Reputation: 11
I have a 3D array in numpy that includes nans. I need to return the value with the greatest index position along the 0 axis. The answer would reduce to a 2D array.
There are a lot of questions about finding the index position of a maximum value along an axis (How to get the index of a maximum element in a numpy array along one axis), but that is different than what I need.
Example 3D array:
>>> import numpy as np
>>> foo = np.asarray([[[7,4,6],[4,2,11], [7,8,9], [4,8,2]],[[1,2,3],[np.nan,5,8], [np.nan,np.nan,10], [np.nan,np.nan,7]]])
>>> foo
array([[[ 7., 4., 6.],
[ 4., 2., 11.],
[ 7., 8., 9.],
[ 4., 8., 2.]],
[[ 1., 2., 3.],
[ nan, 5., 8.],
[ nan, nan, 10.],
[ nan, nan, 7.]]])
I thought I was getting close using np.where but it returns all elements that are not nan. Not quite what I need because I want a (4,3)
array.
>>> zoo = foo[np.where(~np.isnan(foo))]
>>> zoo
array([ 7., 4., 6., 4., 2., 11., 7., 8., 9., 4., 8.,
2., 1., 2., 3., 5., 8., 10., 7.])
The answer I need is:
>>> ans = np.asarray([[1,2,3], [4,5,8], [7,8,10], [4,8,7]])
>>> ans
array([[ 1, 2, 3],
[ 4, 5, 8],
[ 7, 8, 10],
[ 4, 8, 7]])
EDIT: I edited the foo example array to make the question more clear.
Upvotes: 1
Views: 627
Reputation: 18668
A vectored solution, only with indices:
def last_non_nan(foo):
i = np.isnan(foo)[::-1].argmin(0)
j,k = np.indices(foo[0].shape)
return foo[-i-1,j,k]
i
contains the index of the first not nan number in the reversed 'line'.
so -i-1
is its index in the direct line.
>>> last_non_nan(foo):
[[ 1., 2., 3.],
[ 4., 5., 8.],
[ 7., 8., 10.],
[ 4., 8., 7.]]
Faster than highest_index
:
In [5]%timeit last_non_nan(foo)
133 µs ± 29.5 µs per loop (mean ± std. dev. of 7 runs, 10000 loops each)
In [6]: %timeit np.apply_along_axis(highest_index,0,foo)
667 µs ± 90 µs per loop (mean ± std. dev. of 7 runs, 1000 loops each)

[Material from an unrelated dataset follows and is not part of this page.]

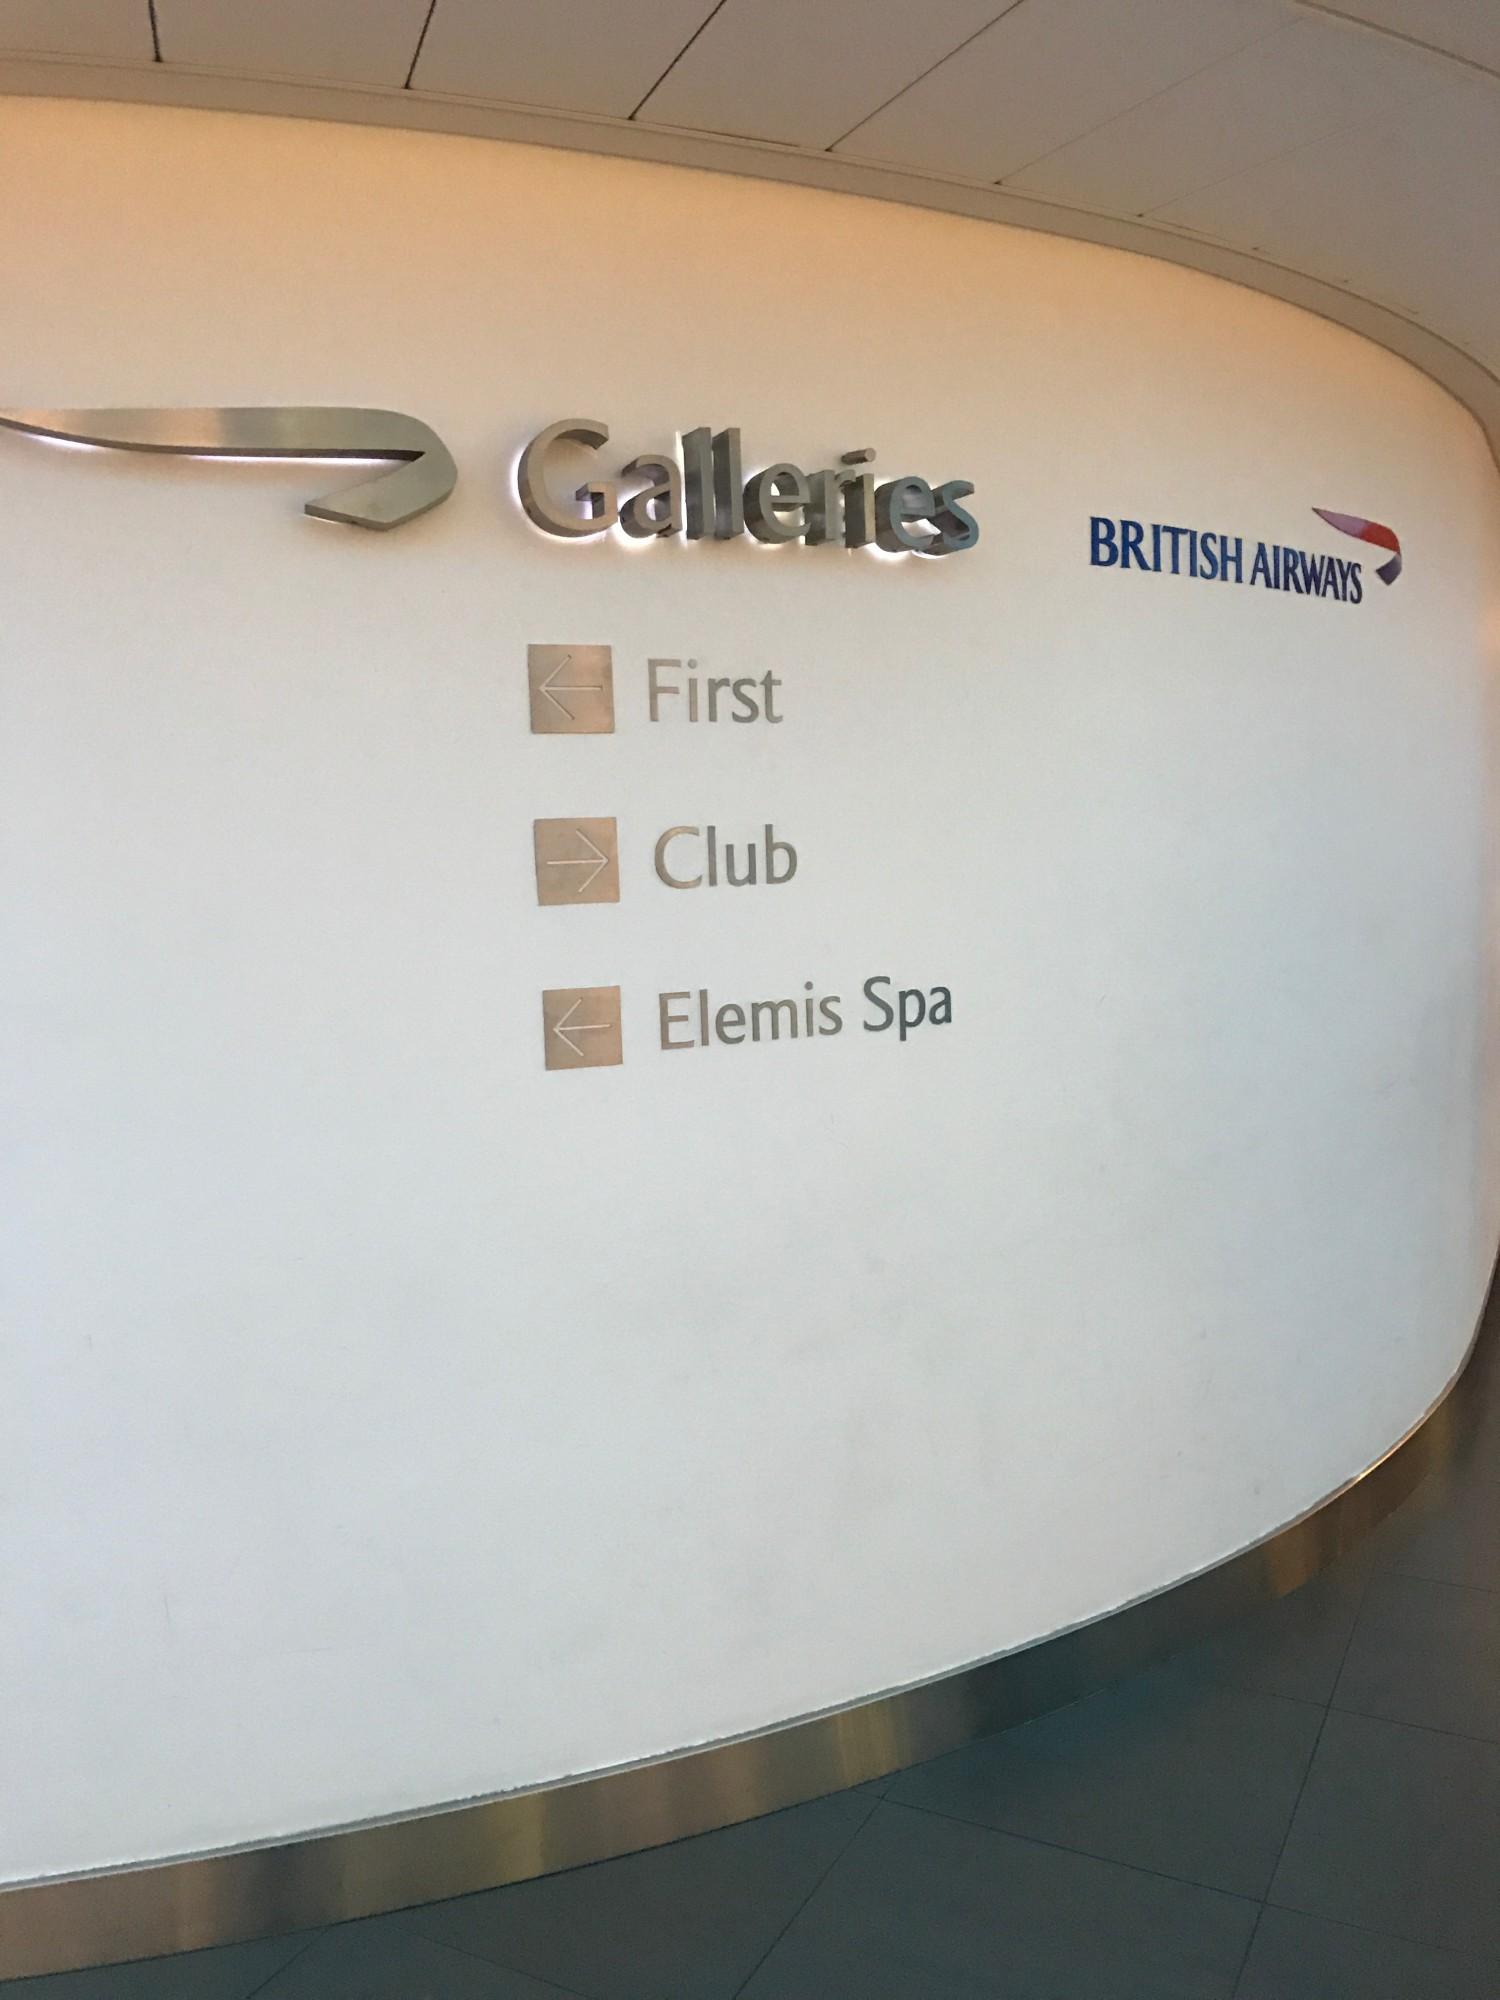 British Airways Galleries First Lounge image 24 of 38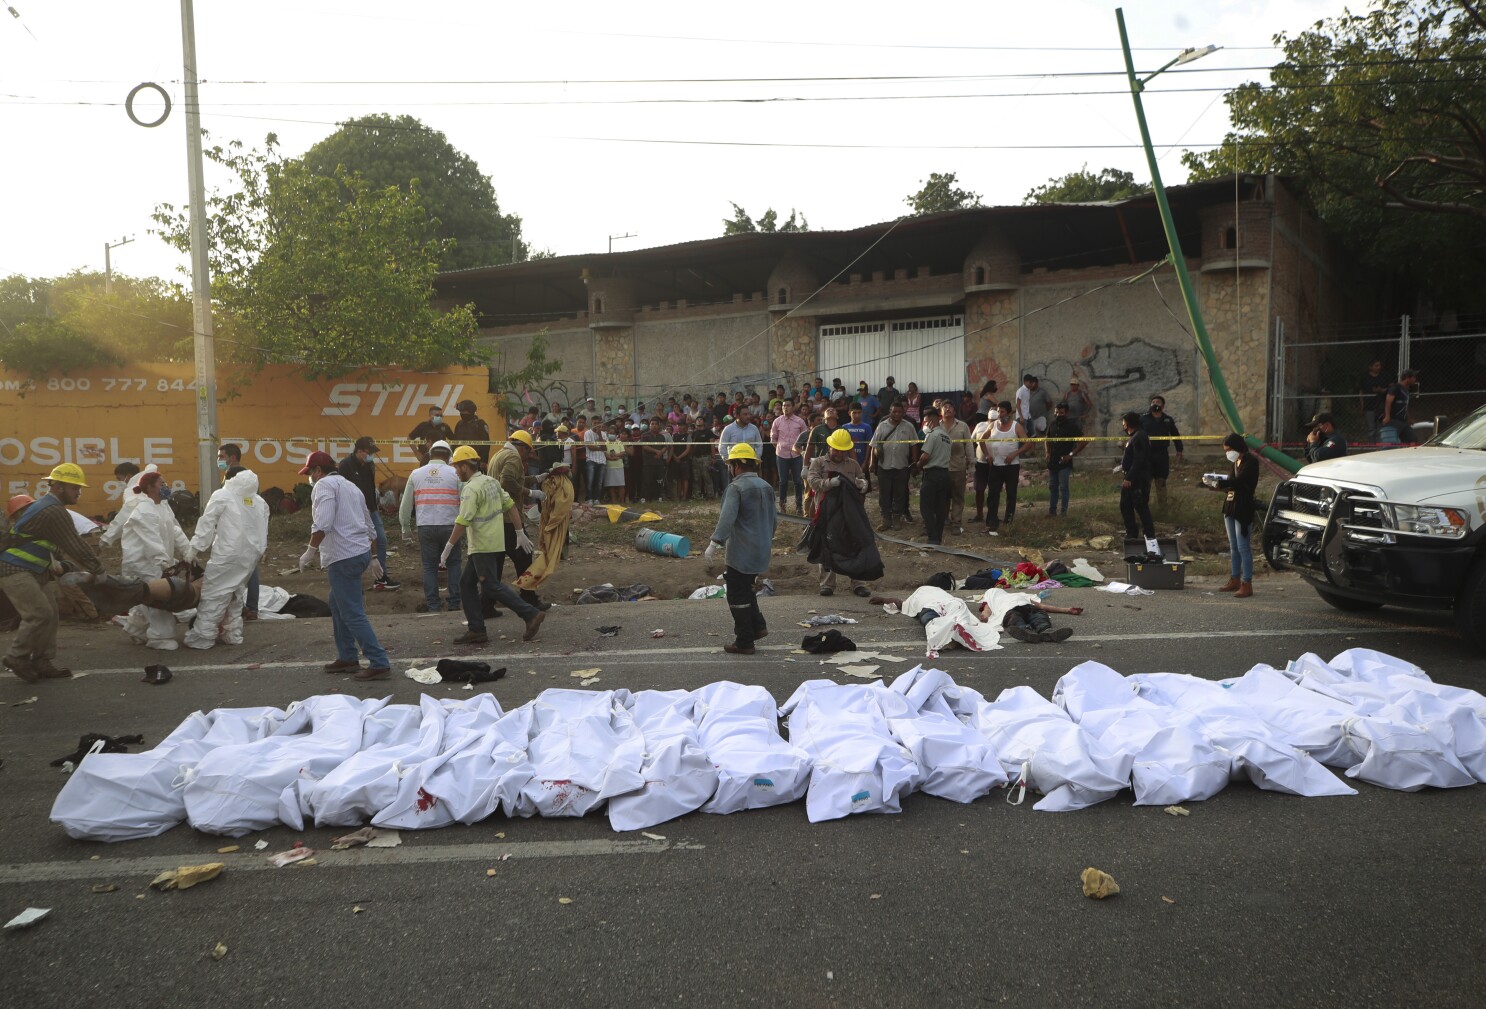 México: supervivientes narran el horror que dejó 55 muertos - San Diego  Union-Tribune en Español

up to 150x (40 ms vs 6 s) faster for a (10,400,400) array with 90 % nans.
It s essentially because last_non_nan
just fetch the last non nan value in each line, when highest_index
compute the index and fetch all non nan values.
Upvotes: 0
Reputation: 3001
You can use np.nanmax
:
>>> np.nanmax(foo, axis=0)
array([[ 7., 4., 6.],
[ 4., 5., 11.],
[ 7., 8., 10.],
[ 4., 8., 7.]])
The np.nanmax
function returns the maximum of an array or maximum along an axis, ignoring any NaNs.
As you rightly point out in your comment, you need the value at the maximum index and the code above doesn't return that.
Instead, you can use apply-along-axis
:
>>> def highest_index(a):
... return a[~np.isnan(a)][-1] # return non-nan value at highest index
>>> np.apply_along_axis(highest_index, 0, foo)
array([[ 1. 2. 3.]
[ 4. 5. 8.]
[ 7. 8. 10.]
[ 4. 8. 7.]])
Upvotes: 1